## COLLECTED MATERIAL:
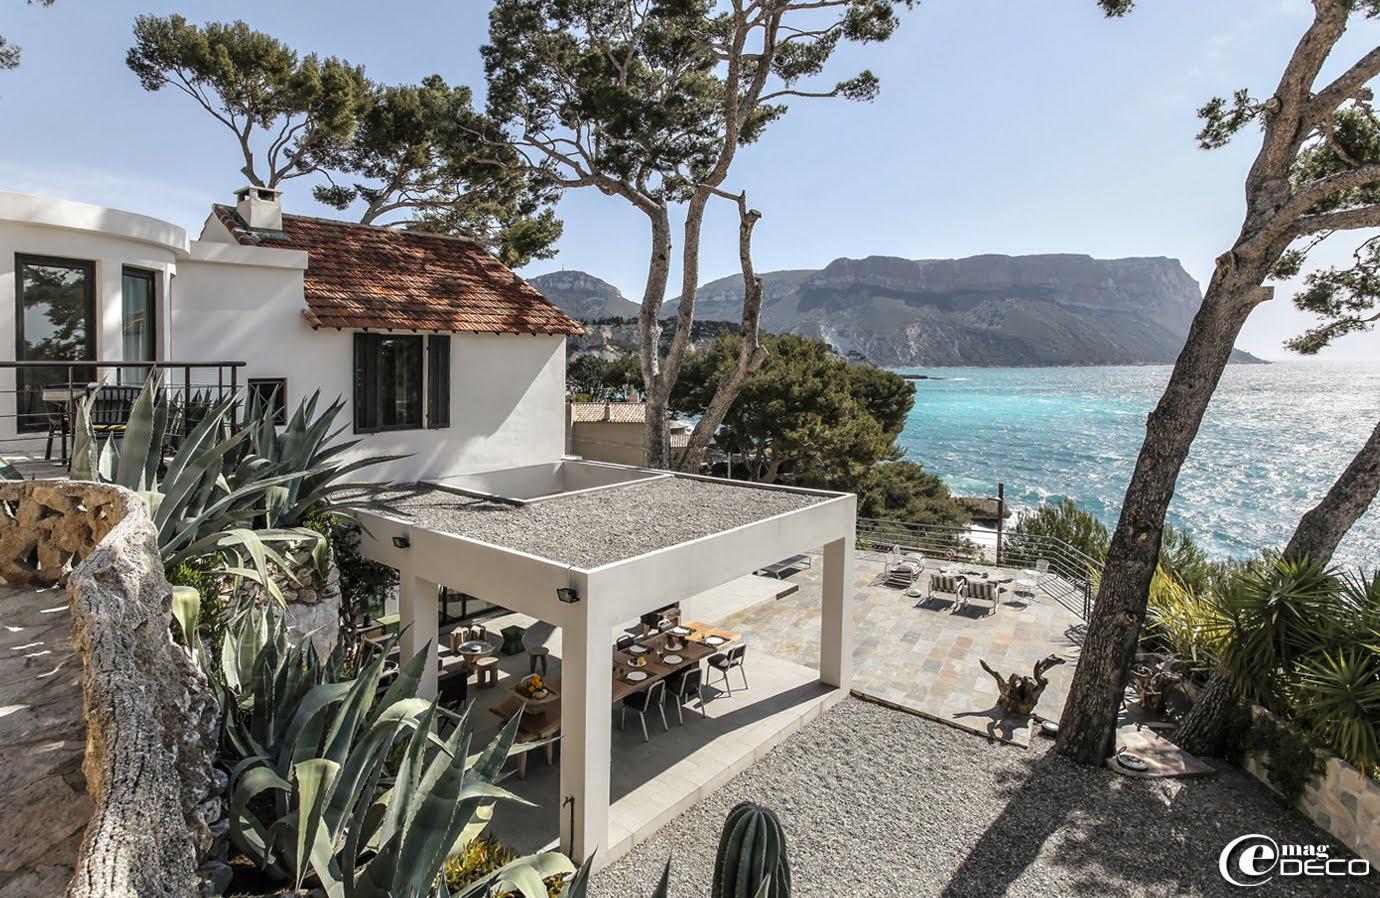 plan de maison mediterranee gratuit. Black Bedroom Furniture Sets. Home Design Ideas
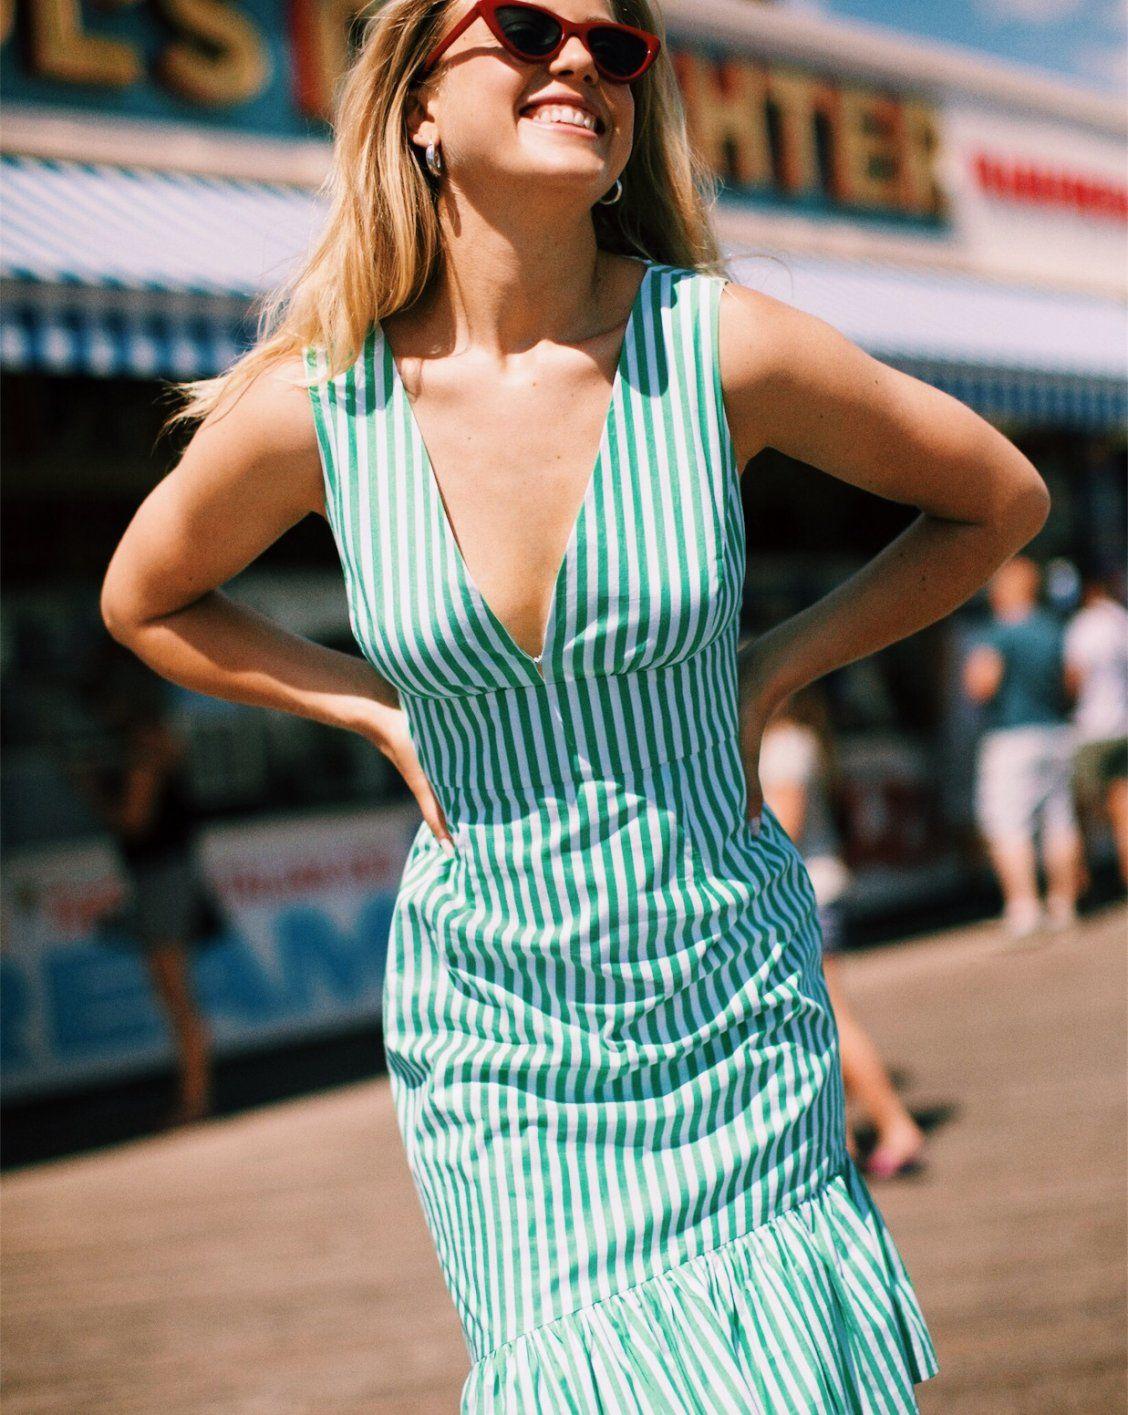 d12cbed2e9b0c Assateague Striped Dress in 2019 | Maxi & Midi Dresses | Dresses ...
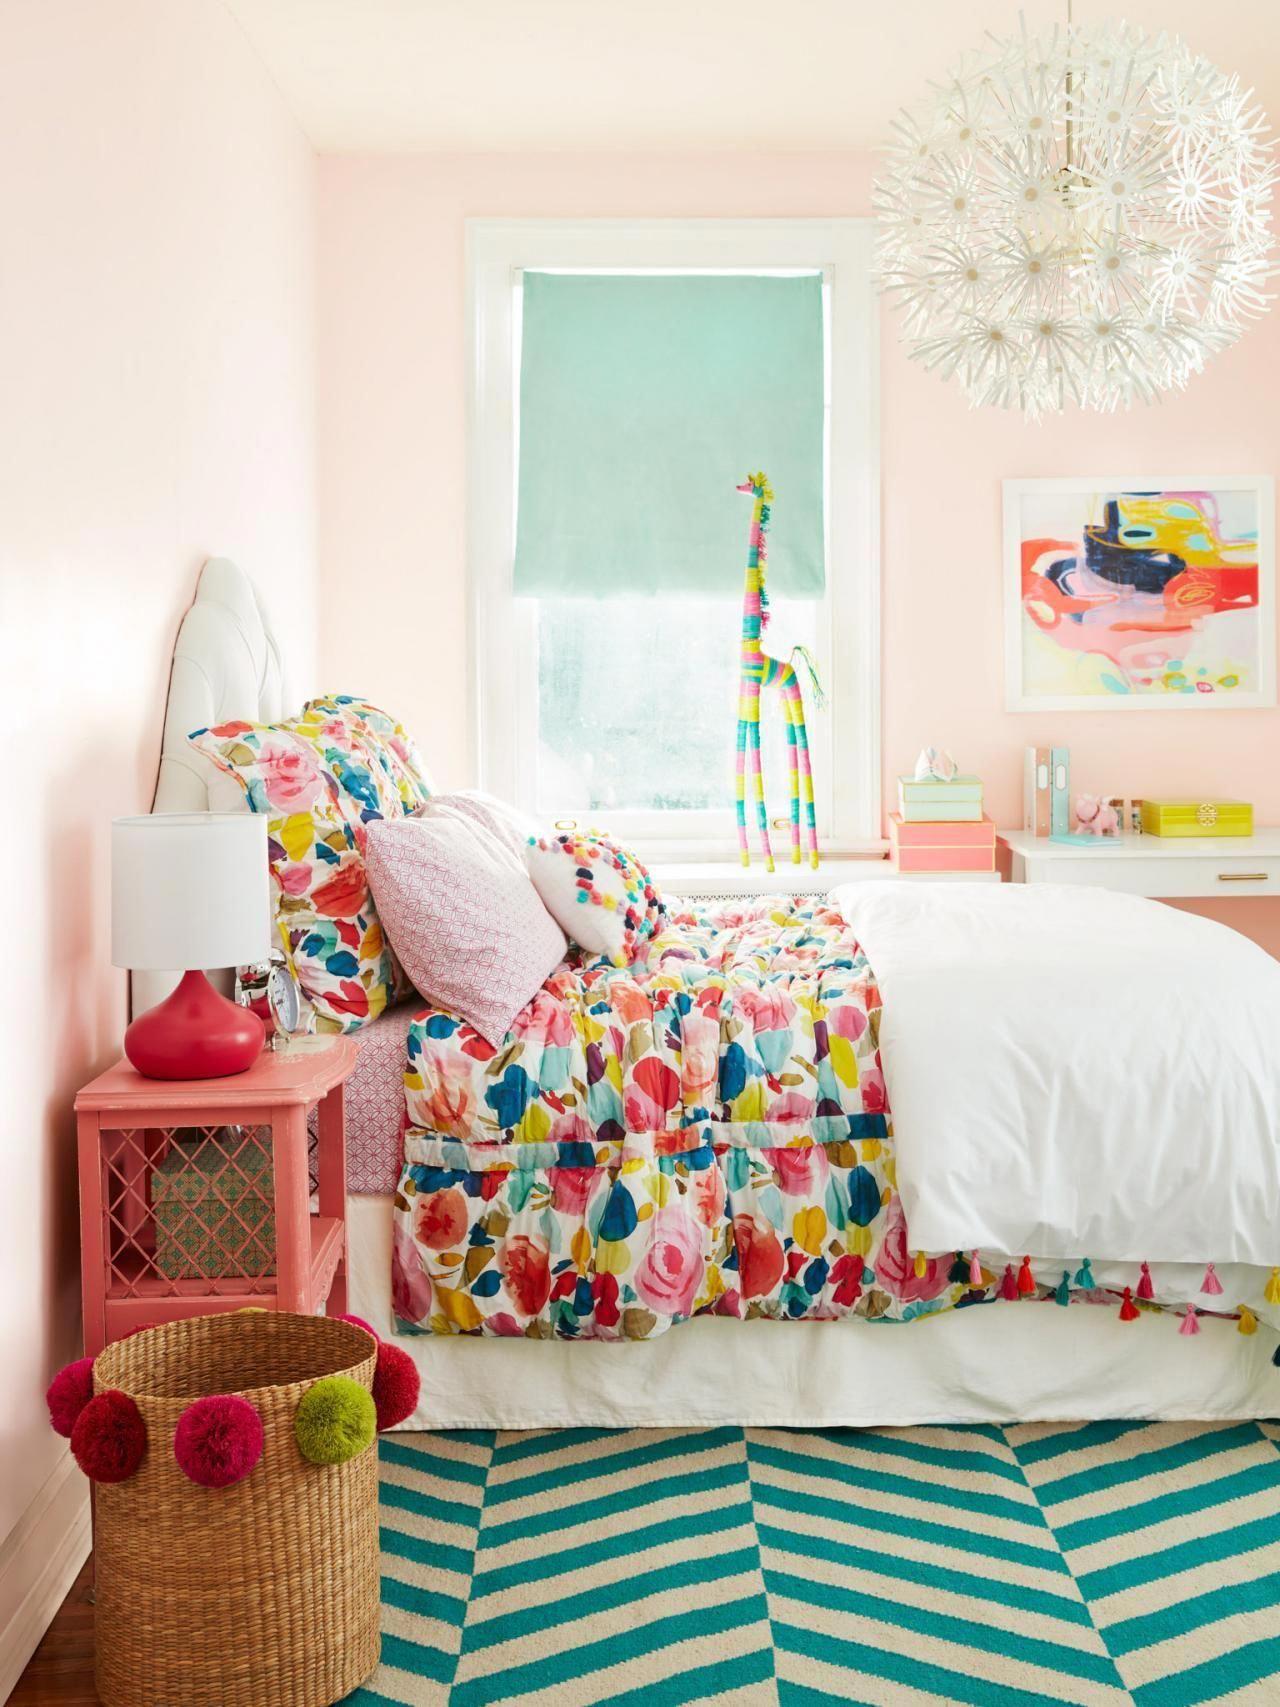 Gi Room Design: Easy Crafts And Homemade

## PROMPT:
The required output is the line containing "d12cbed2e9b0c Assateague Striped" plus every line after it to the end of the data, copied exactly and with no pictures.

## ANSWER SPACE:
 d12cbed2e9b0c Assateague Striped Dress in 2019 | Maxi & Midi Dresses | Dresses ...
 Gi Room Design: Easy Crafts And Homemade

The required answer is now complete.